People interviewed in the film include Vice President Joe Biden, Obama political aide David Axelrod, consumer advocate and former chairwoman of the Congressional Oversight Panel for TARP Elizabeth Warren and former chief of staff and current Mayor of Chicago Rahm Emanuel.

==Reception==
The New York Times noted the use of social media to reach voters instead of television advertisements. New York Times reviewer Alessandra Stanley said that some critics of the video were "inane", noting that "Presidential candidates have been starring in self-promoting campaign videos since Eisenhower". Stanley also noted that the video focuses more on the "apocalyptic" scenarios averted, saying "It's not morning yet on "The Road We've Traveled." It's the end of the darkest hour of the night." The Washington Post referred to the film as a "masterful stroke", comparing it to a similar film made by Bill Clinton during the 1992 campaign. The reviewer wrote, "It's less of a bragging moment and more like a contractor's bid for renewal".
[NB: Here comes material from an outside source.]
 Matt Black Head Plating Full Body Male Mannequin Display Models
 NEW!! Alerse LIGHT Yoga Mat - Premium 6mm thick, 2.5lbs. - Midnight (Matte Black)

CNN host Piers Morgan, in an interview with director Davis Guggenheim, was critical of the fact that the film cast Obama in an overly positive light and did not have a more balanced analysis. Liberal commentator Glenn Greenwald wrote that the film, and Guggenheim's subsequent media appearance, displayed "creepy leader worship" and that Guggenheim epitomized the "pure face of the Authoritarian Mind".